As for coefficients, researchers can interpret estimates and standard
errors as in the usual regression analyses. The package implements the
hetroskedasticity-robust standard errors by default. When users want to
compute cluster-robust standard errors, they can use argument
`cluster`

, which we explain more here.

The package supports different types of regression models: linear
regression (`lm`

), logistic regression (`logit`

),
and linear fixed-effects regression (`felm`

). To learn more
about each model, please visit **Models Available in
DSL**.

To help users apply DSL in various practical settings, we answer
frequently asked questions at **Frequently Asked
Questions**, including how to determine the required number
of expert annotations, how to incorporate more complex sampling
strategies for expert annotations, and how to handle cluster standard
errors.

**References:**

Egami, Hinck, Stewart, and Wei. (2024). “Using Large Language Model Annotations for the Social Sciences: A General Framework of Using Predicted Variables in Downstream Analyses.”

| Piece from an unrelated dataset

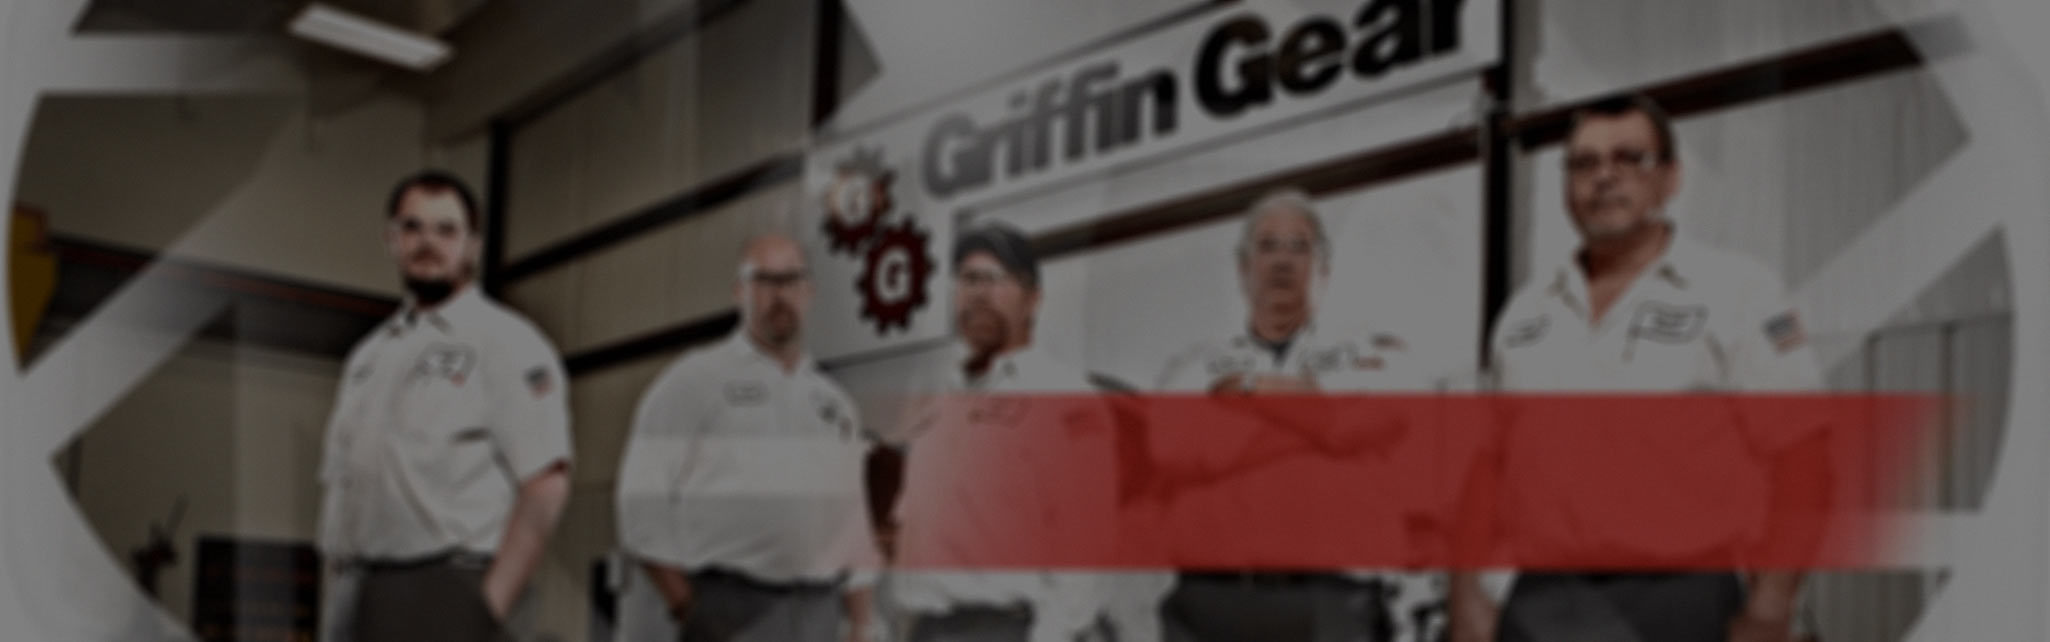 Griffin Gear Offers A Complete Range of Gearing Solutions for the Power Transmission Industry

Egami, Hinck, Stewart, and Wei. (2023). Using Imperfect Surrogates for Downstream Inference: Design-based Supervised Learning for Social Science Applications of Large Language Models, Advances in Neural Information Processing Systems (NeurIPS).

Pan and Chen. (2018). Concealing Corruption: How Chinese Officials Distort Upward Reporting of Online Grievances. American Political Science Review 112, 3, 602–620.